When a musician hits upon both artistic and monetary success, it's written that said performer is then at a crossroads in their career, a point at which they must decide whether to follow the muse or to follow the money. But with Oklahoma's Flaming Lips it's more like they're at a 10-point intersection, with traffic hurtling past them at reckless speeds, and the only option is to close their eyes and press the accelerator to the floor. The worst that could happen is they leave an ugly corpse.

The Flaming Lips were never supposed to be around in 2006. Yes, leader Wayne Coyne is a workaholic, Steven Drozd is a musician's musician able to master any instrument and Michael Ivins is a lovable foil to the madness, but really, folks? How much cash is there in these alternative freak shows? What's it like when you're over 40 and the industry calls you to take to the road and it's long nights of driving and longer nights of performing?

If you're Wayne Coyne, you work very hard and at the end of the day chalk it up to "dumb luck." As Coyne surfs the crowd in his plastic bubble, he may seem like a rock messiah, but anyone who speaks with him for 10 minutes sees just how humble and down-to-the-earth this "fearless freak" really is.

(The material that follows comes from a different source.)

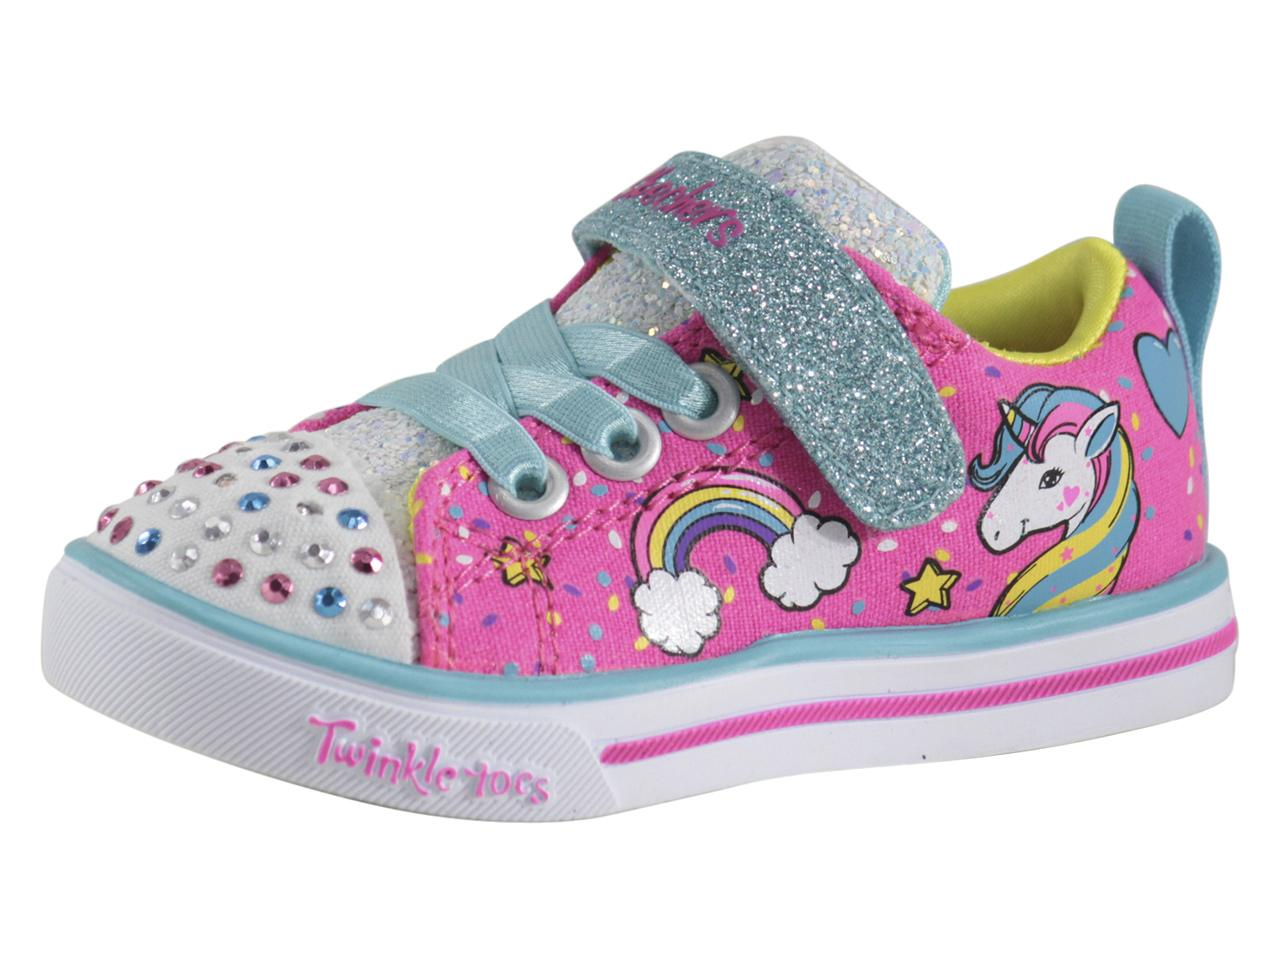 Skechers ToddlerLittle Girl's S Lights Unicorn Craze Light Up Sneakers Shoes

Next week, The Flaming Lips will release At War With the Mystics, their follow-up to 2002's Yoshimi Battles the Pink Robots, an album that was either their second or third "breakthrough" disc, depending on who you ask. They will (possibly) debut their 15-years-in-the-making feature film Christmas on Mars this year. And a biography written by veteran rock scribe Jim DeRogatis (Staring at Sound: The True Story of Oklahoma's Fabulous Flaming Lips) will join Jay Blakesberg and J. Michelle Martin-Coyne's photo-journal Waking Up With a Placebo Headwound and Bradley Beesley's film The Fearless Freaks as part of the definitive history of the band so far.

"You get used to reading stuff about yourself in magazines. You just hope it's entertaining, even though you know it's not necessarily all true," says Coyne of all the press. "I do take it as absurdist entertainment. As I read it, I think I like these characters, even though one of them is me."

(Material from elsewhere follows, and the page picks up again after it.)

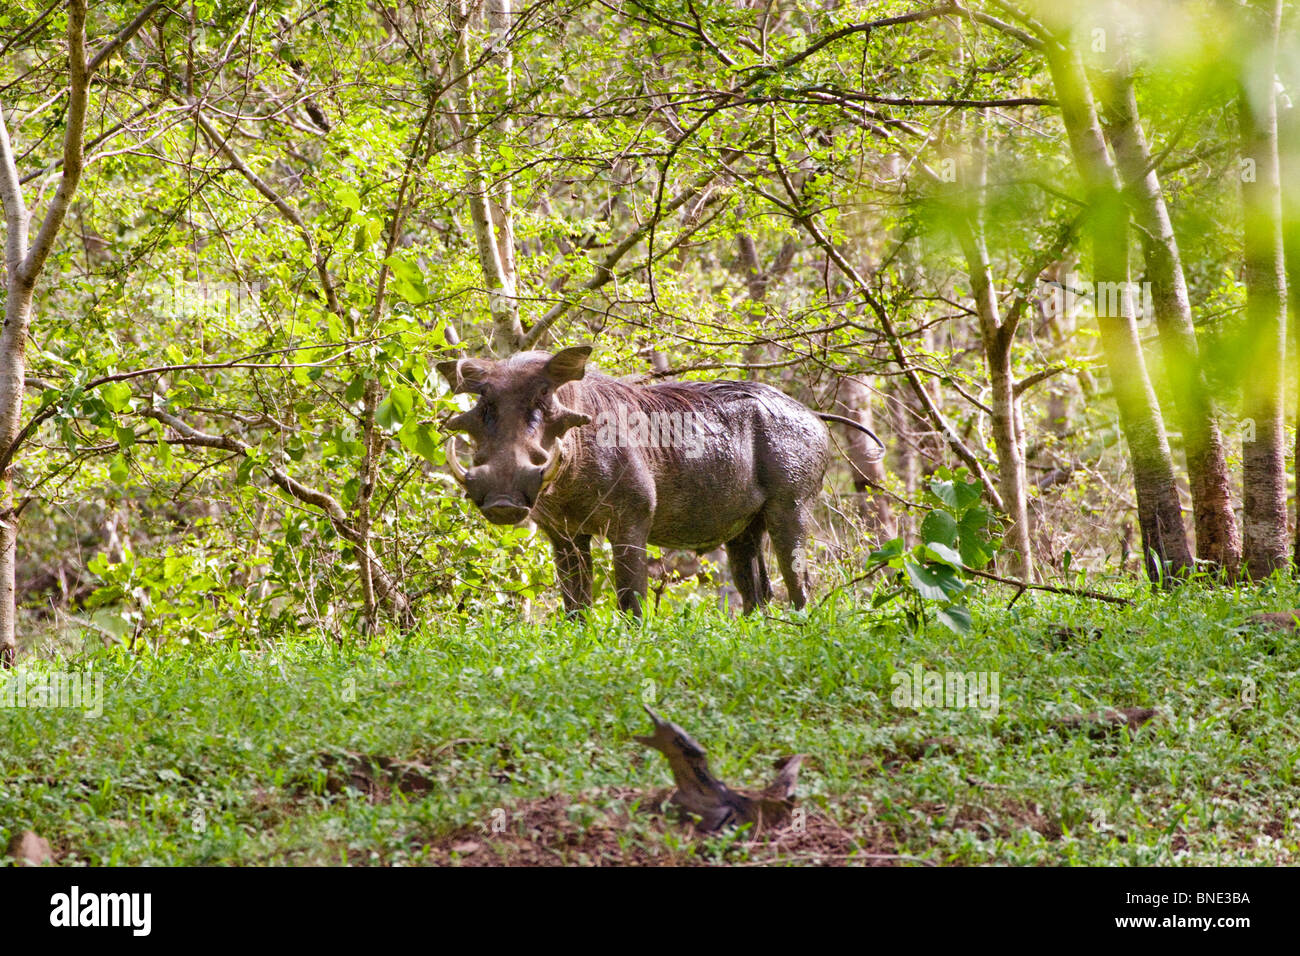 Common Warthog, Phacochoerus africanus, in Mole National Park, Ghana. - Stock Image

But Coyne isn't one to sit back and reflect. He's a man of tremendous nervous energy, who embraces each aspect of the process.

"Coldplay was in town two weeks ago, and me and Chris Martin were driving around talking about their next record, and he has a lot of anguish about people thinking that they play it safe," says Coyne. "We were talking about it and he said, 'Should we be experimental or should we do it organically when it feels right?' And I said, 'I don't know if you know when anything feels right. I think you just do it. If you want to make an experimental record, make it and if it fails, who cares?'

"That's what we learned along the way, that sometimes it's the failures that are the most graceful, marvelous things you ever do. And succeeding is great. But watching artists fail is what the audience relates to. Most of the things you do in your life are for failure: relationships, raising kids, trying to make money; everywhere you go, it's, 'I wanted to do this, but I ended up doing this.' I think artists sing about failing and having struggled and I think audiences really embrace it."

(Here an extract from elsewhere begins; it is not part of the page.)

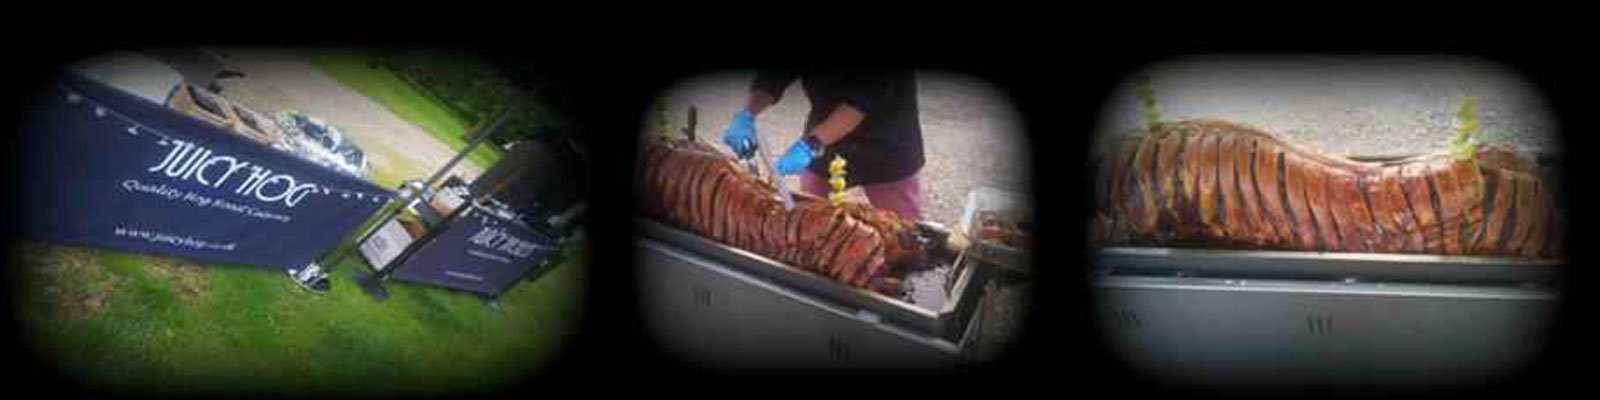 Hog Roast Caterers

At War With the Mystics is unafraid to take risks. Stylistically, it's everywhere, from funk ("It Overtakes Me") and angry hard rock ("Free Radicals") to dreamy psychedelia ("Vein of Stars"). The vibe often shifts midsong, due to a free-form studio approach.

"We know there are elements of what we are doing that are accidents," says Coyne. "There is an immediacy to it … the time is as important as the music itself. If you say a certain thing at a certain time it can mean a completely different thing than if you wait another year to say the same thing. You can really shape the way a record is perceived by what you put right up front. By us putting these two strangely almost insulting, almost political, absurdist, rockist songs at the beginning ("The Yeah Yeah Yeah Song" and "Free Radicals"), I think it feels like more of a rock record. There's still moments of this quietude and this introspection.

"Some of the things right at the beginning are the new phase of the Flaming Lips. We're taking on the identity of being like a radical, drug-damaged, let's-overthrow-the-government kind of band. Not that we think that our music is going to really change the war or change George Bush's mind, but this radical protest music sort of thing … I kinda like that. We're not really protesting. I don't think music and politics have too much to do with each other. But it's fun to sing."